→ **Supplied material**:

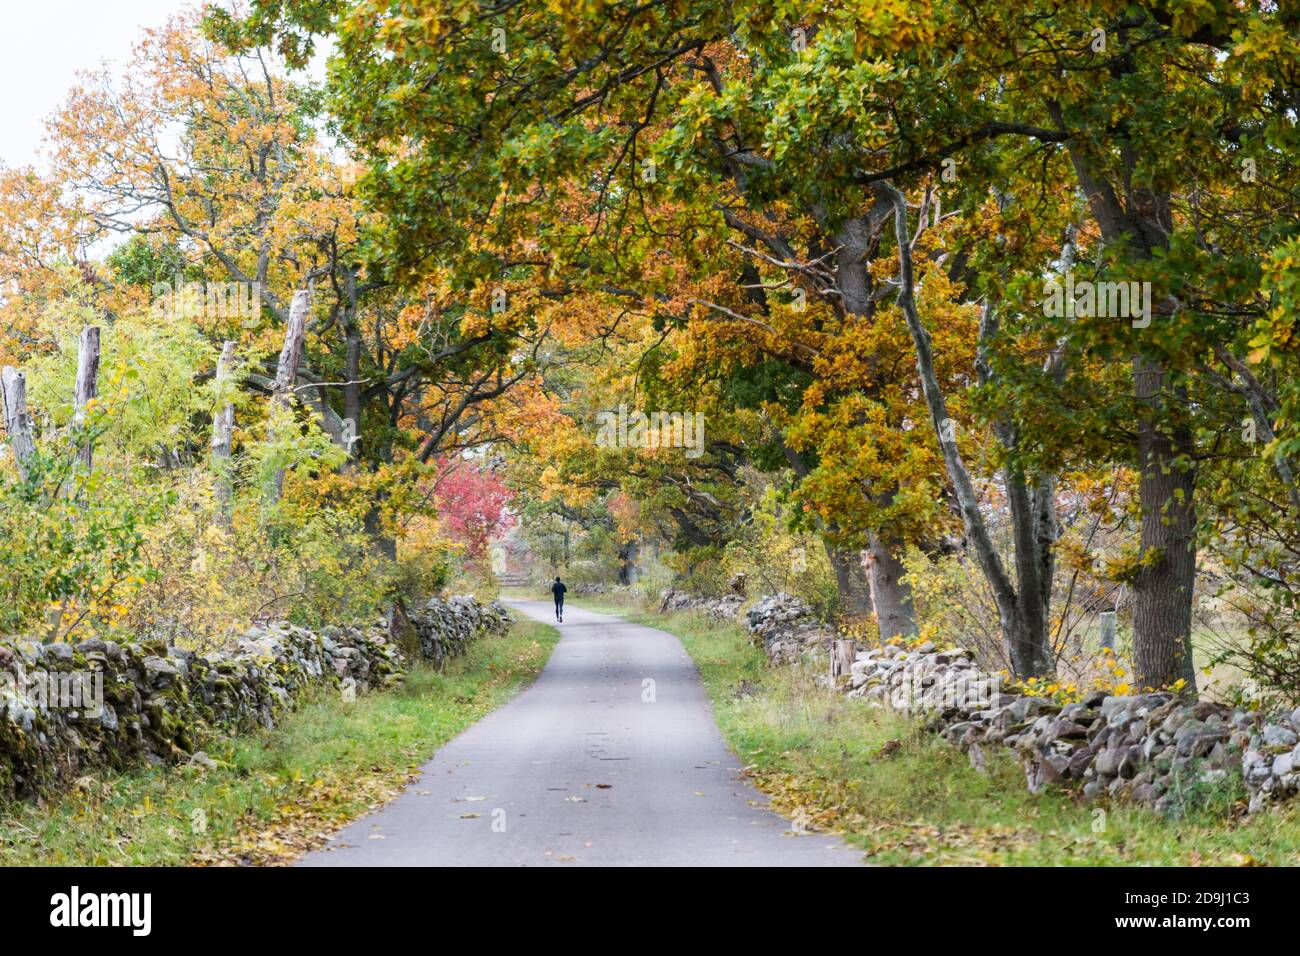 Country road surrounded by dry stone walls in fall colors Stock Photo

==

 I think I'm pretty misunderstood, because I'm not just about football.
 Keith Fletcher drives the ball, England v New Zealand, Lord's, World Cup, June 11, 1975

...

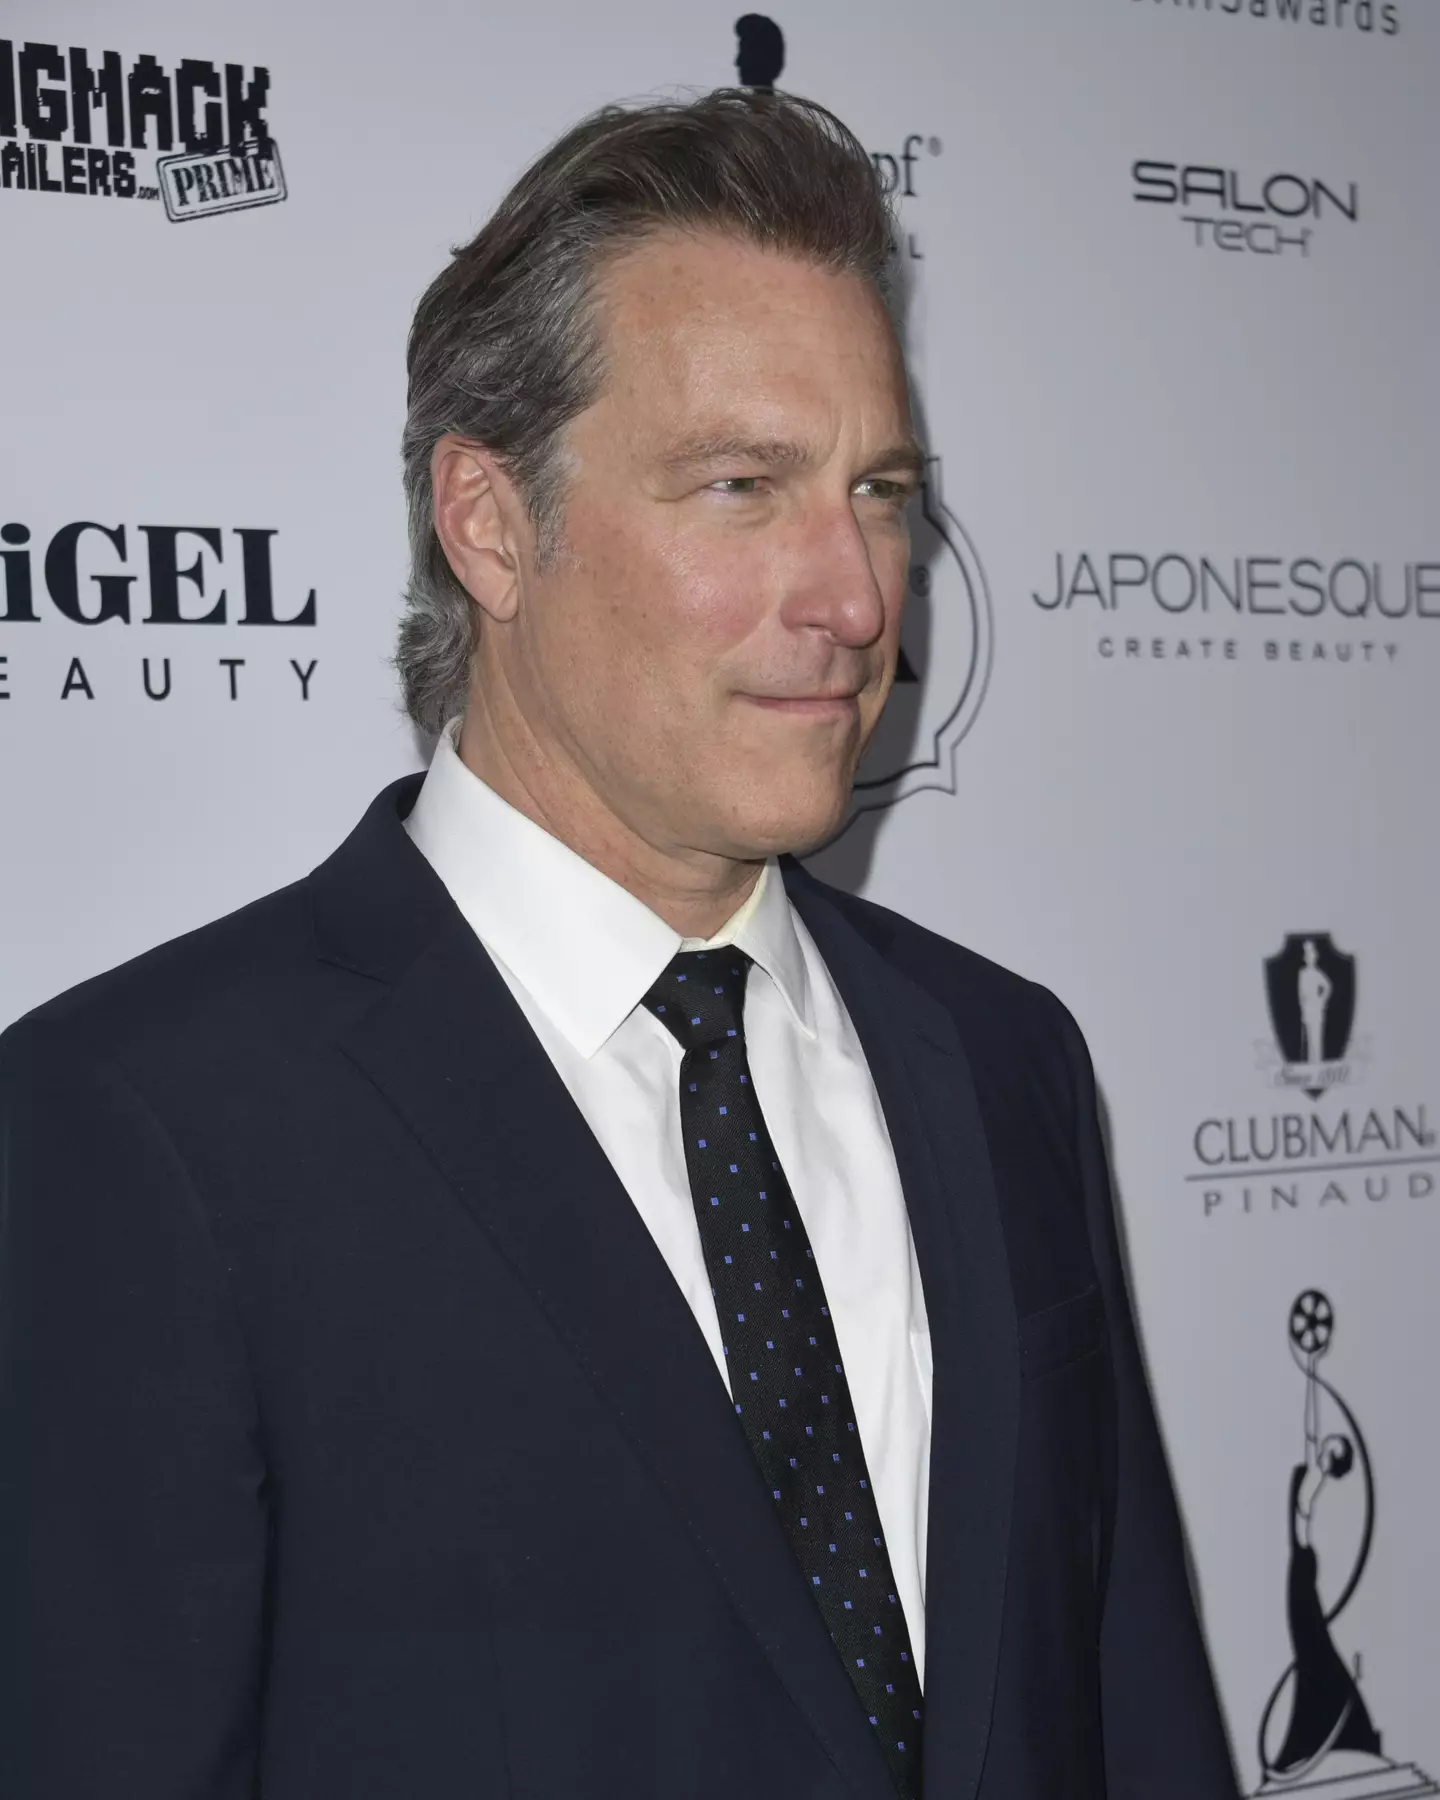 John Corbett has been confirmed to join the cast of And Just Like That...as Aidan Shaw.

→ **What this task involves**:
Everything above from the line containing "I think I'm" down to the line containing "Keith Fletcher drives" should be copied exactly, both end lines included, and nothing else.

→ **Response to this exercise**:
 I think I'm pretty misunderstood, because I'm not just about football.
 Keith Fletcher drives the ball, England v New Zealand, Lord's, World Cup, June 11, 1975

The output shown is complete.